Behind this "public courtship" lies a structural shift in which decision-making power over AI performance has moved from compute chips (GPUs) to memory. As graphics processing unit (GPU) performance has evened out at a higher level, securing high-bandwidth memory (HBM) to resolve data bottlenecks has emerged as the key variable. The center of gravity in supply chain power is increasingly shifting to memory companies.
Huang's "hands-on management" is seen as an extension of a carefully calculated strategy. From last year's "chicken gathering" with Samsung Electronics Chairman Lee Jae-yong and Hyundai Motor Group Chairman Chung Eui-sun to this booth tour, at the core lies an intent to respond to big tech's moves to reduce reliance on Nvidia (ASIC development). As major customers such as Google, Amazon and Meta speed up in-house chip development, the strategy is read as aiming to lock down the supply chain for HBM, the key component, even if design becomes decentralized.
Amid this trend, Nvidia rival AMD is also moving quickly. AMD CEO Lisa Su visited Korea on the 18th and met with Naver and Samsung Electronics in succession to discuss cooperation. With HBM emerging as the key variable in the AI Semiconductor market, a clear trend is forming of major corporations moving to secure supply chains centered on Korea's memory and manufacturing ecosystem.
In particular, this visit made Nvidia's "dual strategy" toward Samsung Electronics and SK hynix stand out clearly. SK hynix is a key partner that currently has the highest Production yield and technological reliability within Nvidia's supply chain. Huang's affectionate gesture, calling it "perfect," is interpreted as an intent to prioritize securing supply stability at this point in time.

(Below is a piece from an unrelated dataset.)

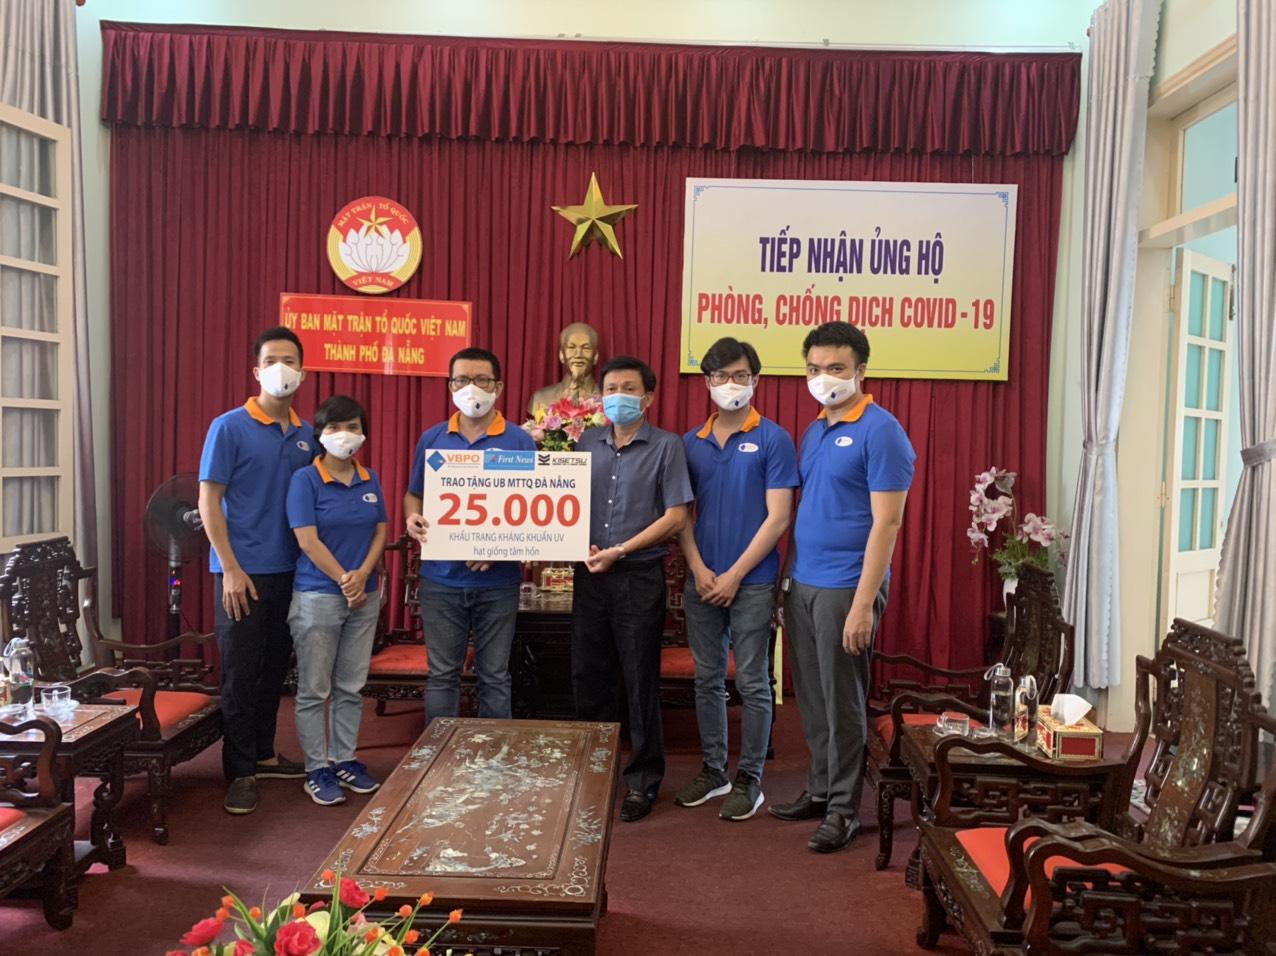 First News và các doanh nghiệp tặng 25.000 khẩu trang vải và sách cho người dân Đà Nẵng - Ảnh 3.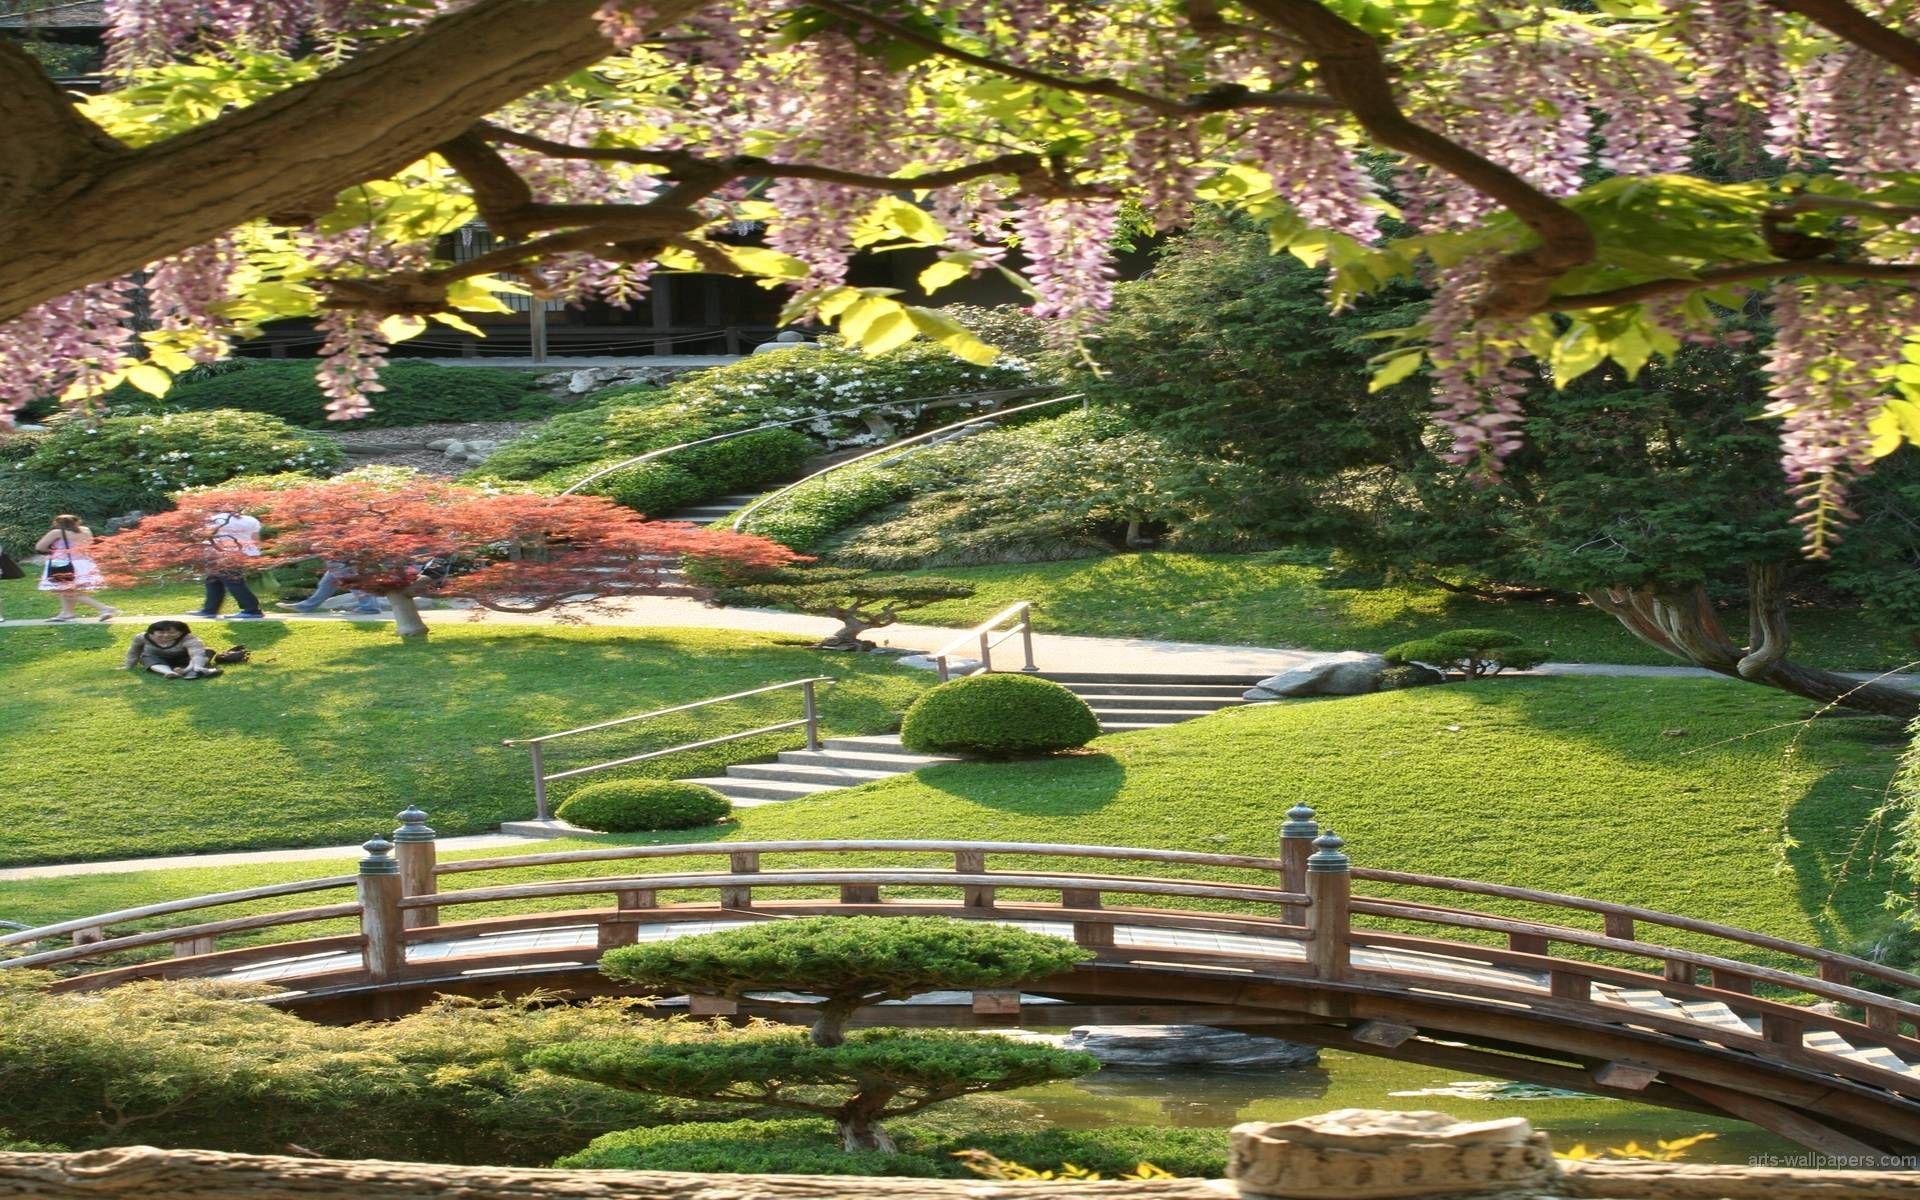 Japanese Garden Wallpaper 145340 High Definition Wallpapers

By contrast, the message to Samsung Electronics carried both "expansion and hedging." A case in point was Huang signing not only HBM4 (6th-generation HBM) but also the wafer for Samsung's foundry-made AI chip "Groq." This signals an expansion of cooperation beyond memory into manufacturing and highlights Samsung as an alternative that can ease TSMC's advanced packaging (CoWoS) bottleneck. It is a strategy to maintain supply chain leadership by leveraging Samsung's turnkey capability that spans memory and foundry.
In the end, Huang's public remarks are seen not as mere lip service but as a strategic choice to diversify the supply chain and preserve bargaining power. It reflects an intent to maintain balance by leveraging a triangular structure linking Samsung Electronics, SK hynix and TSMC.
GTC 2026 is assessed as a case showing that the center of gravity in AI Semiconductor competition is shifting to "dominating the supply chain." Around Nvidia, the coupling between memory and foundry is becoming more solid. Industry watchers say even Nvidia has entered a phase where it will be hard to maintain growth speed without Korea's memory and manufacturing strengths.